June Mountain’s Josh King wiped his brow and grinned. He and Ross Steffey, along with transition specialist Kurt Heine, had just completed a hip of enormous proportions. A new peak had formed at the top of June Mountain. From the resort parking lot, you couldn’t miss the monstrosity, what with its shockingly long 30-foot transition coupled with another 40 feet for touch down. As awe-inspiring as the massive build was, the amplitude yet to come would prove even more outrageous.

Four indisputable height records were posted: Josh Dirksen’s 33-foot method air and an unfathomable one-footer twenty feet out, Eero Ettala’s 29-foot air-to-fakie, and Heikke Sorsa’s 31-foot frontside (tailgrab). Wille Yli-Luoma pulled a 31-foot method just a couple shy of “Jerksen’s” monster backside. Aaron Biittner and Scotty Arnold, neither of whom are transition specialists, boosted close to twenty. Andy Wright breaks it down: “If they weren’t going twenty feet, I didn’t even pull the camera out.”

Ross Steffey’s brainchild was a direct answer to the massive hip built over the last two years in Hemsedal, Norway. Ross had built many features with Josh King, and the two had a single goal in mind-building a hip that would support the largest airs of all time. For the athletes involved, this was no easy task. The impact of landing was severe, and even a slight miscalculation was potentially bone-shattering. Eero and Heikki were so concerned about their well-being that they debated walking away from it completely. Amazingly, the only casualty sustained was a single sprained ankle.

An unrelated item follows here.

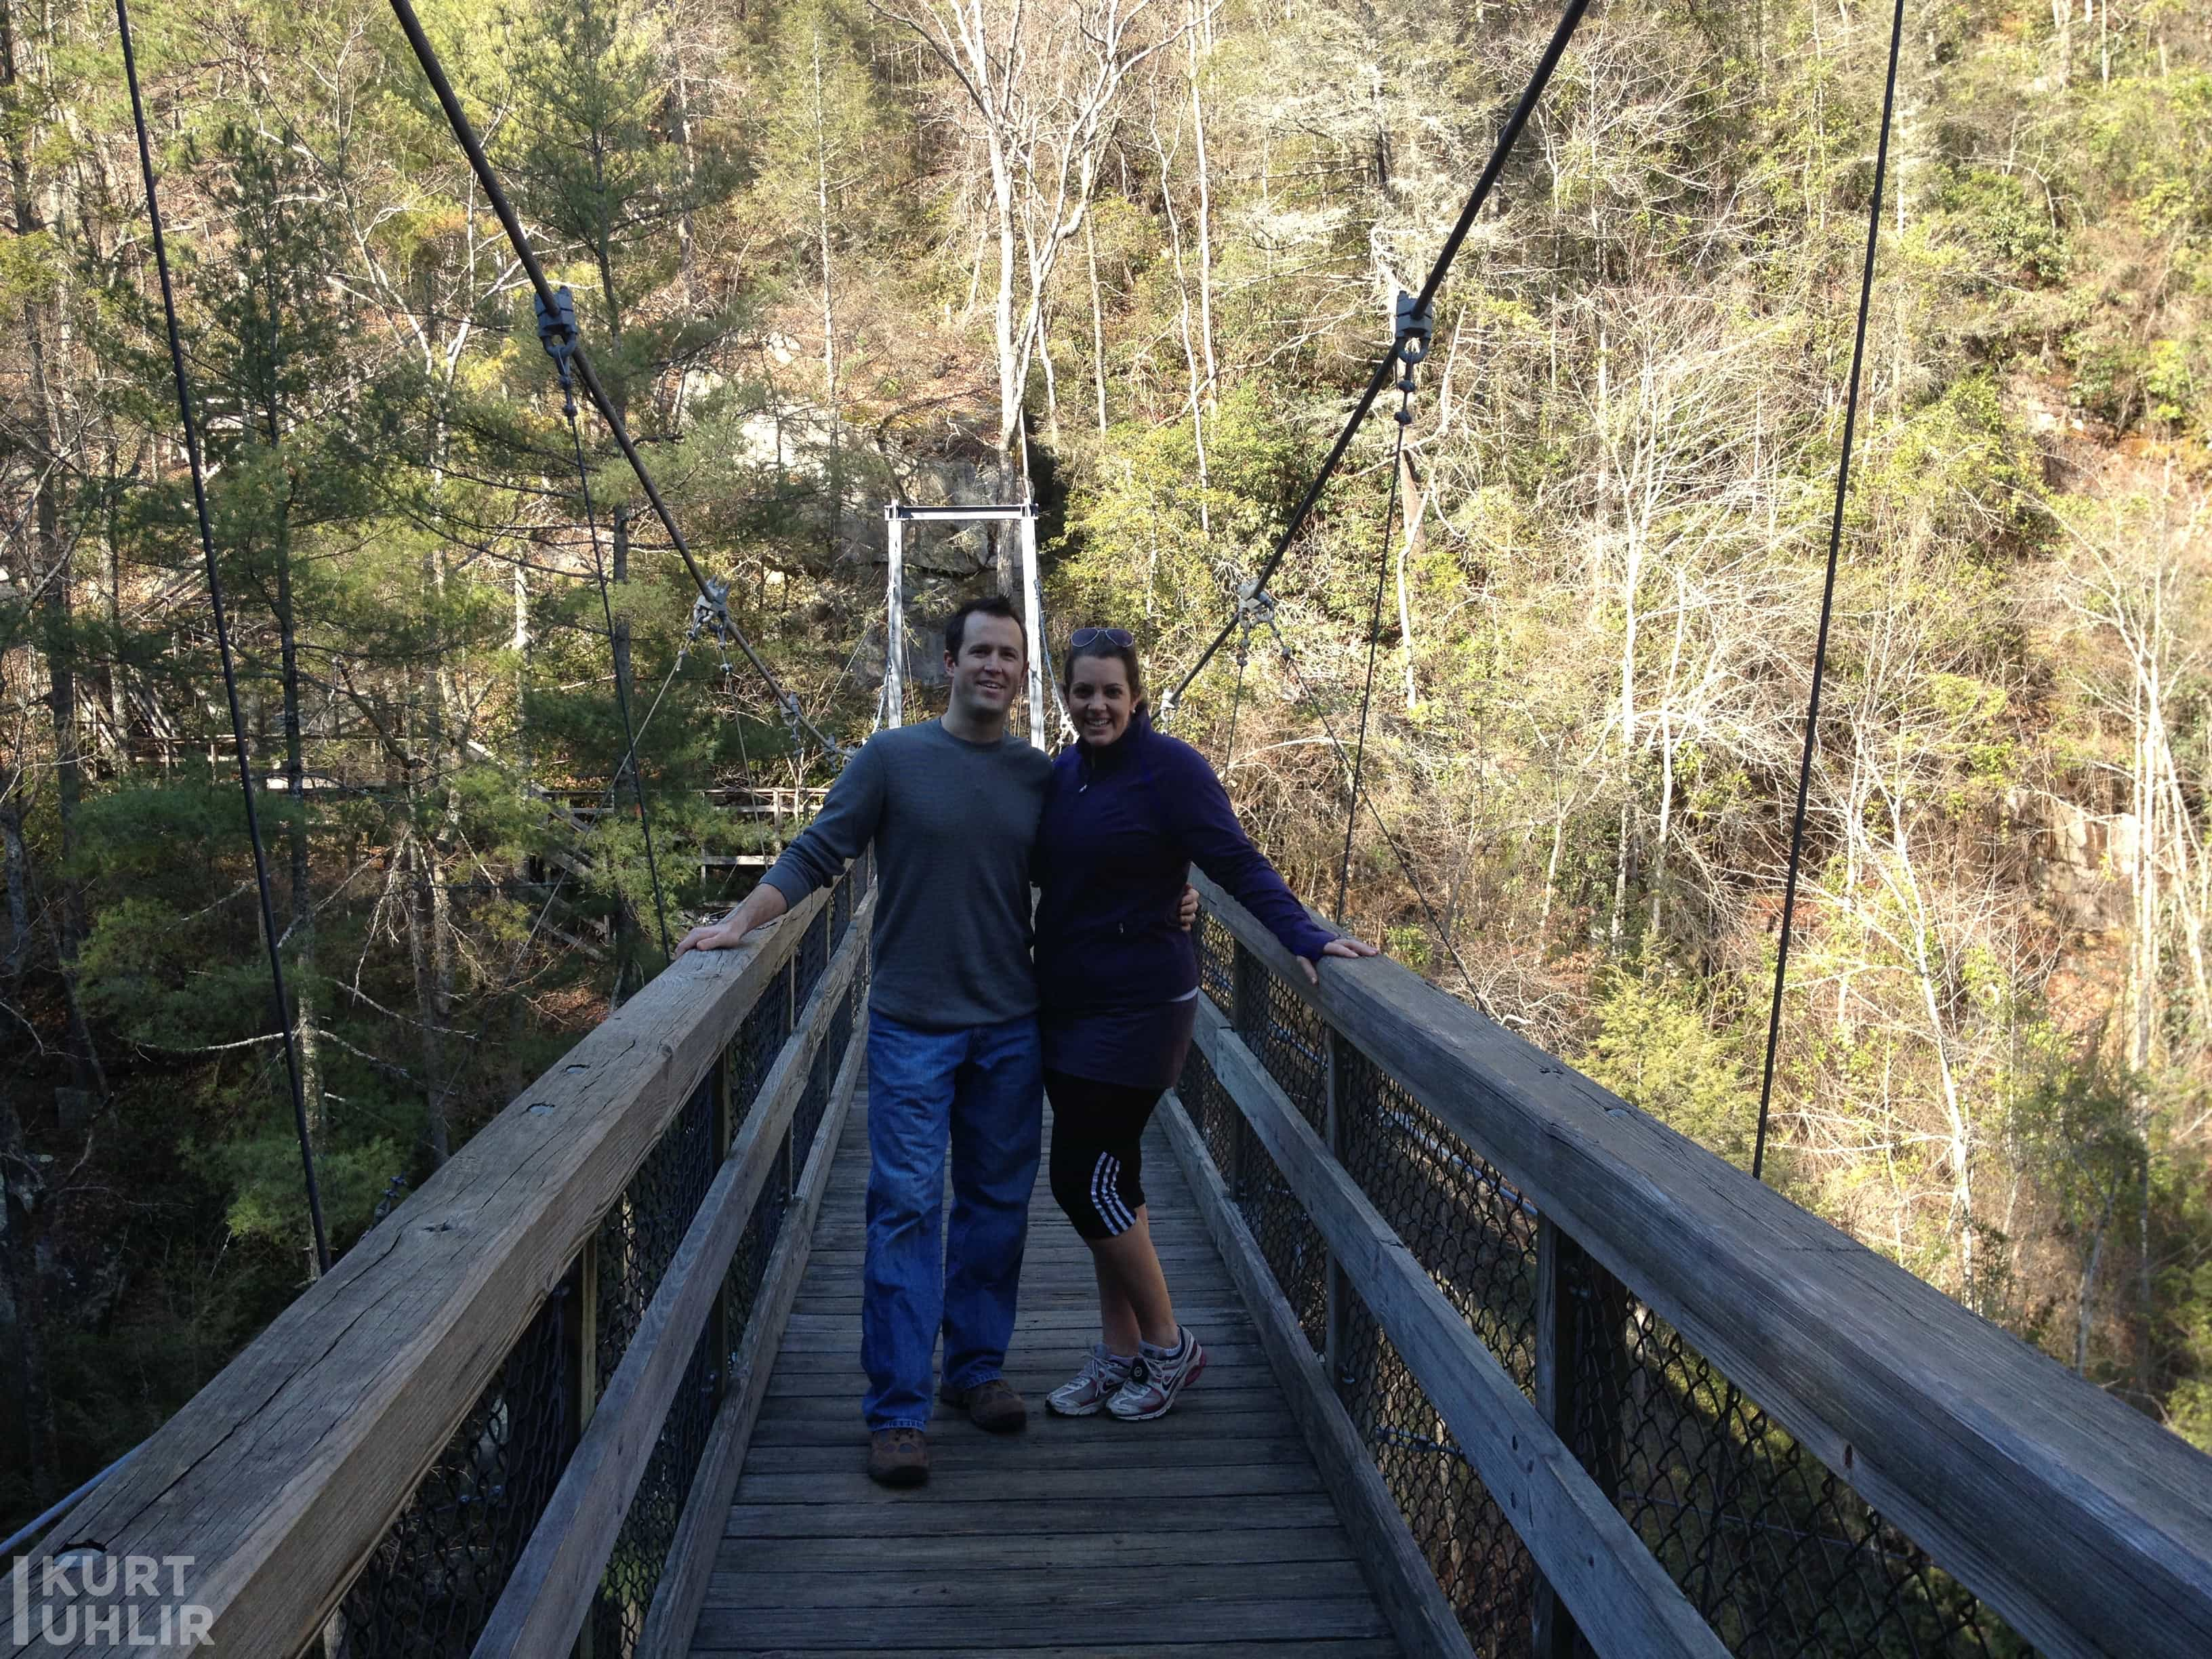 Tallulah Gorge State Park - Valerie and Kurt Uhlir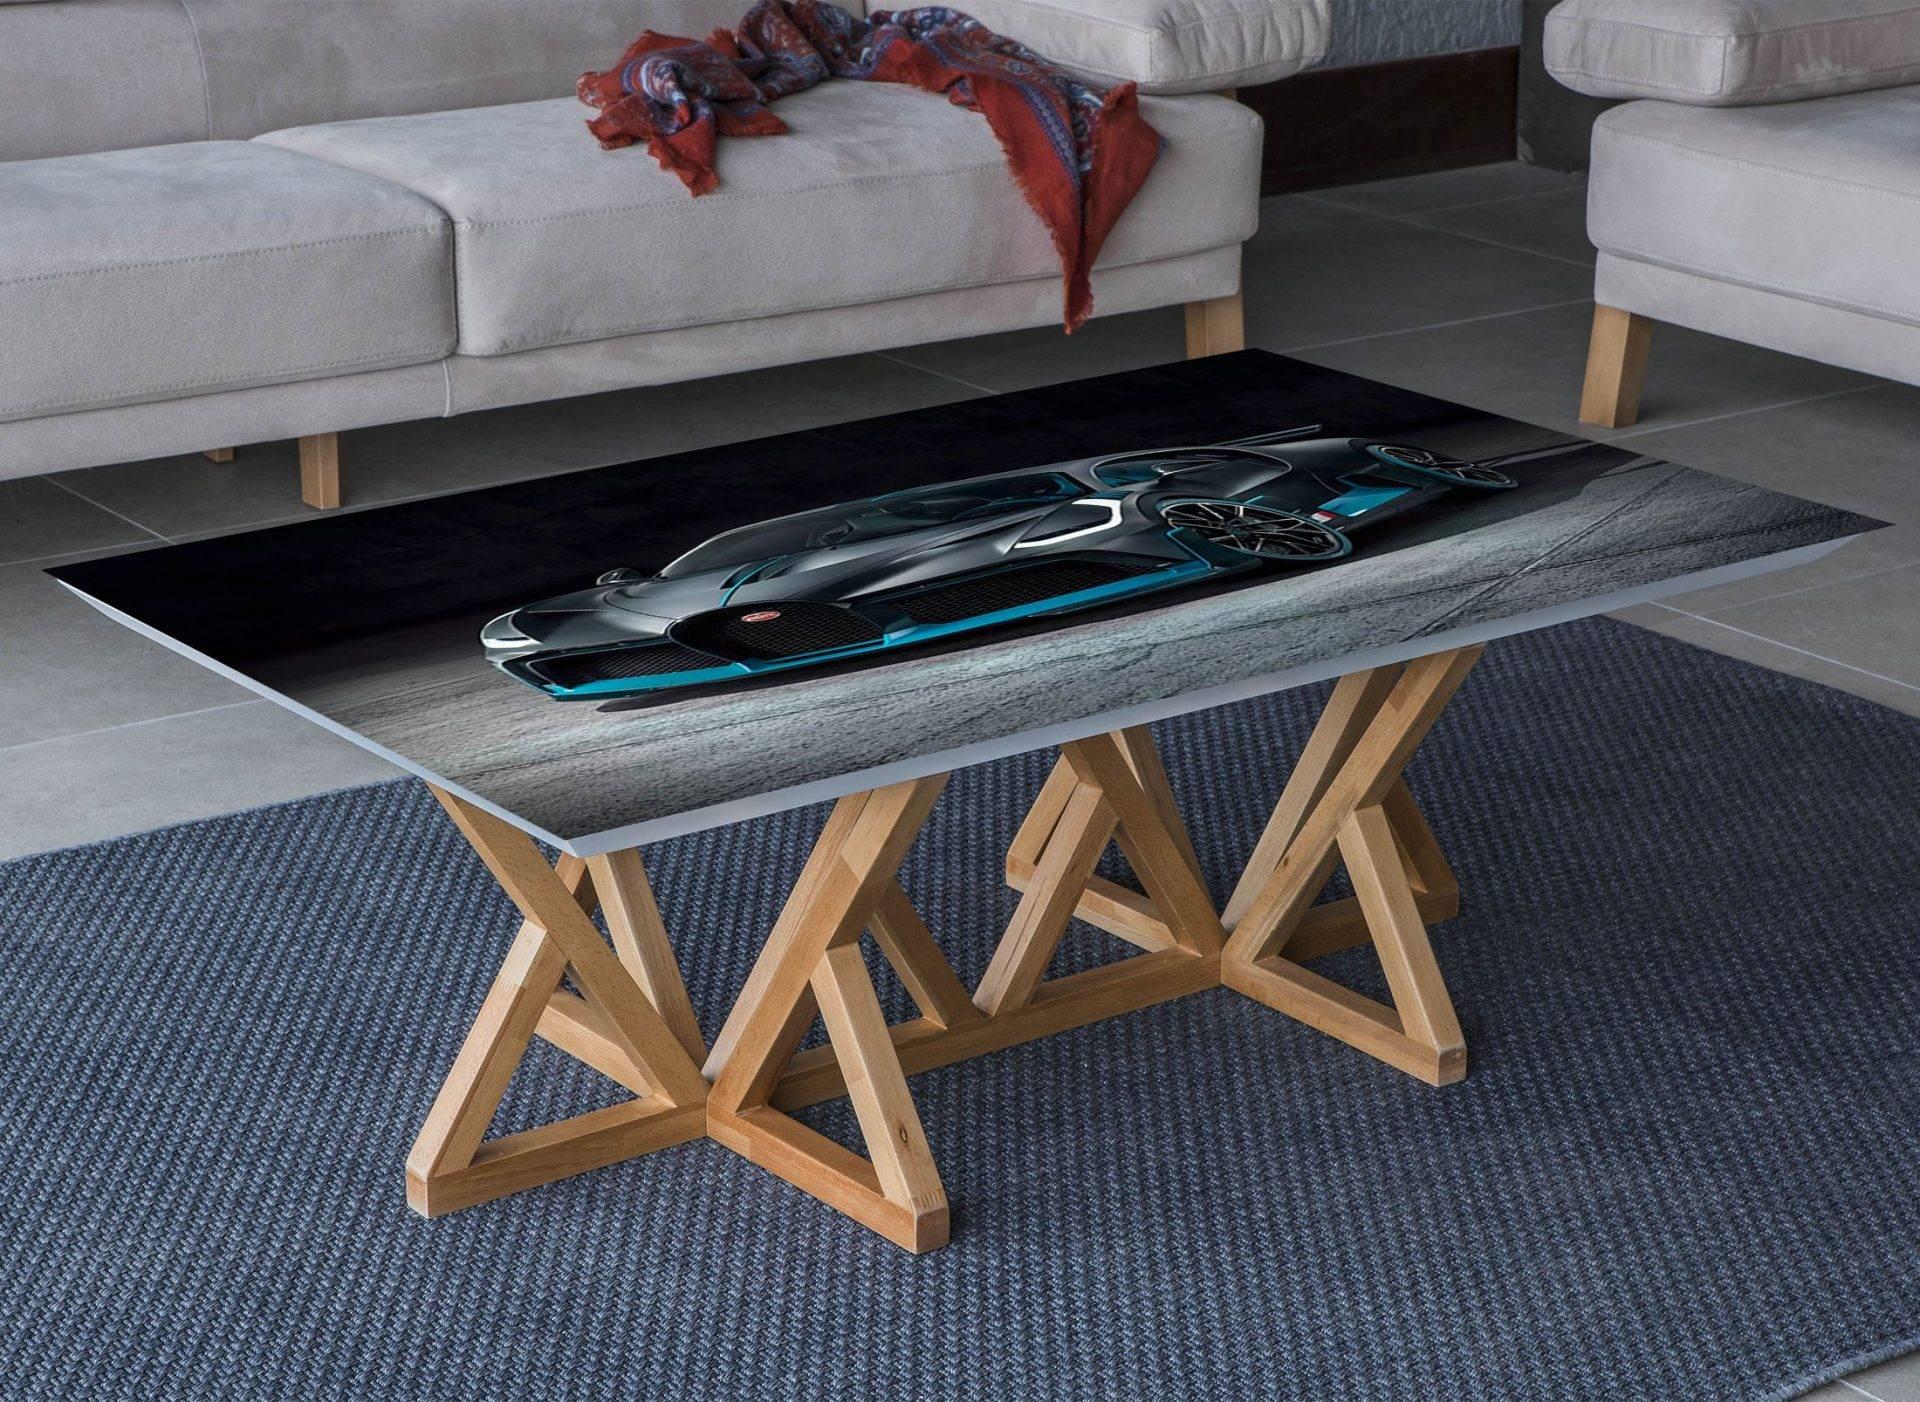 Bugatti Black Car Laminated Vinyl Cover Self-Adhesive for Desk and Tables

Rising above the realm of perceived possibilities and redefining a set standard is a difficult thing to do. When barriers are broken, it’s usually by wide-eyed and hungry upstarts: Every new generation of riders emerges with a clean slate and open minds, and without the scar tissue, metal pins and screws, or fear that come with experience. But when the mass is critical, like the features at Mack Dawg’s June Mountain session were, it’s muscle memory and precision control that carry you higher. Veterans like Josh Dirksen and Wille Yli-Luoma come into their own, and the bar is raised forever … higher.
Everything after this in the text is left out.